Technology Description: This scenario includes 30% labor and hardware balance-of-system (BOS) cost improvements through automation, preassembly efficiencies (e.g., module mounting and wiring), and improvements in wind load design.
Justification: This scenario represents lower levels of improvement than the historical average (Feldman et al., 2021). With increased global deployment and a more efficient supply chain, preassembly of module mounting and wiring is possible. Best practices for permitting interconnection and PV installation (e.g., subdivision regulations, new construction guidelines, and design requirements) are being developed.
Technology Description: This scenario assumes lower system losses, improvements in bifaciality (bifaciality factor increasing from 0.65 to 0.85), and a degradation rate reduction from 0.7%/yr to 0.5%/yr.
Justification: Significant R&D is currently spent on better tracking, improved cell temperatures, and lower degradation rates. Companies will likely continue to focus on improved uptime to maximize profitability. The ITRPV projects higher bifaciality factors for n-type module technologies (compared with the established p-type PERC [passivated emitter and rear cell] module technology) as well as increased deployment of n-type modules over the next decade. Industry participants have already demonstrated bifacial energy gains of 5%–33%, depending on the module mounting and other factors such as albedo.
Technology Description: A global module spot price is assumed as the price basis. Module efficiency is based on the projected efficiency halfway between the efficiency of TOPCon and SHJ modules and tandem modules in the ITRPV in 2032, resulting in a price of $0.17/WDC.
Justification: This scenario represents a relatively high long-term module efficiency-improvement expectation applied to a global spot price.
Technology Description: This scenario assumes inverter design simplification and manufacturing automation result in an inverter price of $0.03/WDC.
Justification: The power electronics industry already has road maps to simplify and automate current products, and there is more potential with increased industry size.
Technology Description: This scenario assumes 40% labor and hardware BOS cost improvements through automation and preassembly efficiencies (e.g., module mounting and wiring); the use of carbon fiber—which is assumed to have achieved low cost, replacing steel and aluminum—cuts mounting costs.
Justification: This scenario represents lower levels of improvement than the historical average (Feldman et al., 2021). With increased global deployment and a more efficient supply chain, preassembly of PV module mounting and wiring is possible. Reduction of supply chain margins (e.g., profit and overhead charged by suppliers, manufacturers, distributors, and retailers), will likely occur naturally as the U.S. PV industry grows and matures. Also, streamlining of installation practices through improved workforce development and training and developing standardized PV hardware is assumed.

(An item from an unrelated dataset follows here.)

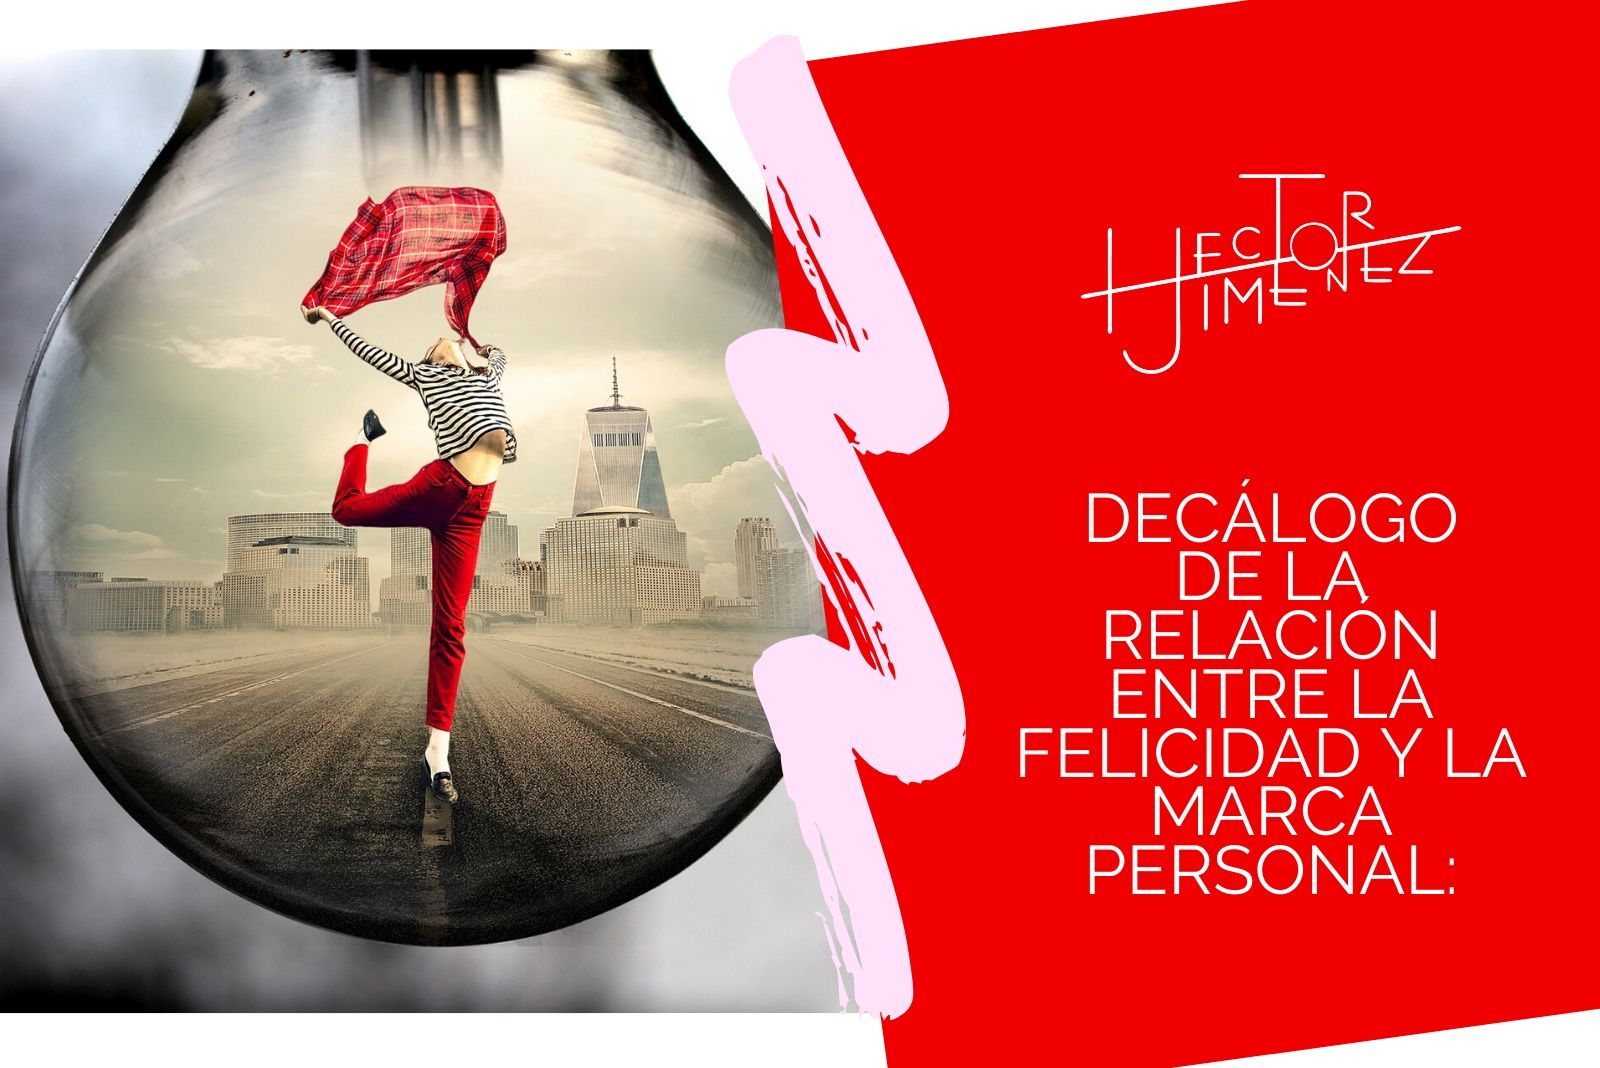 Hector-Jimenez-Decálogo-De-La-Relación-Entre-la-Felicidad-y-La-Marca-Personal-1-1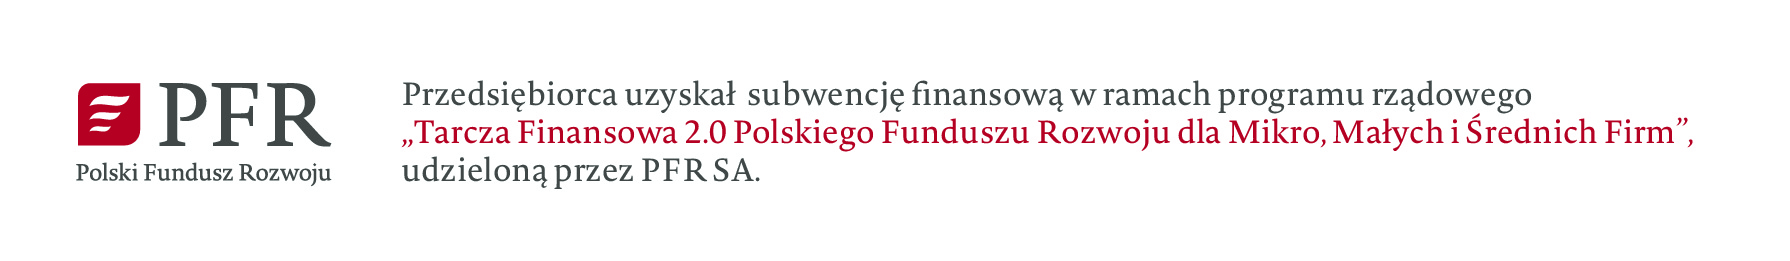 Przedsiębiorca uzyskał subwencję nansową w ramach programu rządowego „Tarcza Finansowa 2.0 Polskiego Funduszu Rozwoju dla Mikro, Małych i Średnich Firm”, udzieloną przez PFR SA

Technology Description: This scenario assumes additional reductions in system losses, improvements in bifaciality (bifaciality factor increasing from 0.65 to 0.85), and improved siting to increase average albedo from 0.2–0.3 (which is similar to dirt, gravel, and concrete) without a significant increase in site preparation costs, as well as a reduction in degradation rate from 0.7%/yr to 0.2%/yr.
Justification: The types of technology improvements are similar to those for the Moderate Scenario above, with similar justification, but are more aggressive.
1 Module efficiency improvements represent an increase in energy production over the same area, in this case, the dimensions of a PV module. Energy yield gain represents an improvement in capacity factor relative to the rated capacity of a PV system. In the case of bifacial modules, the increase in energy production between two modules with the same dimensions does not currently change the capacity rating of the module under standard test conditions, as the rating is based on light from one direction.
The technology-improvement scenarios for utility-scale PV described above result in CAPEX reductions of 20% (Conservative Scenario), 40% (Moderate Scenario), and 54% (Advanced Scenario) between 2022 and 2035. We assume these CAPEX reductions follow straight lines between 2022 and 2035. The average annual reduction rates are 1.7% (Conservative Scenario), 3.8% (Moderate Scenario), and 5.8% (Advanced Scenario).
Similarly, we assume straight-line CAPEX reductions between 2035 and 2050, as described below. Between these 2 years, the CAPEX reductions are 25% (1.9% per year average) for the Conservative Scenario, 24% (1.8% per year average) for the Moderate Scenario, and 18% (1.3% per year average) for the Advanced Scenario.
Although we did not create our CAPEX projections based on rates of deployment, utility-scale PV deployment is expected to increase substantially over our analysis period. For example, in the National Renewable Energy Laboratory's (NREL's) Standard Scenarios Mid-case, U.S. utility-scale PV deployment grows by over 400% between 2022 and 2035 (from 93 GW to 493 GW), and by 24% between 2035 and 2050 (from 493 GW to 610 GW) (Gagnon et al., 2022).
Utility-scale PV systems in the 2023 ATB are representative of 100-MWDC one-axis tracking systems with performance and pricing characteristics in-line with bifacial modules and a DC-to-AC ratio, or inverter loading ratio (ILR), of 1.34 for the base year and future years (Ramasamy et al., 2022); this is a change from the 2022 ATB, which used an ILR of 1.28. We recognize that ILR is likely to change, particularly with the adoption of bifacial modules, and to greatly depend on location. However, allowing for this change would require the optimization of ILR and CAPEX by resource bin and year, causing a range of prices, independent of other regional factors. We believe this would create less transparency and more confusion with respect to the impact of technology changes on these individual levelized cost of energy (LCOE) categories.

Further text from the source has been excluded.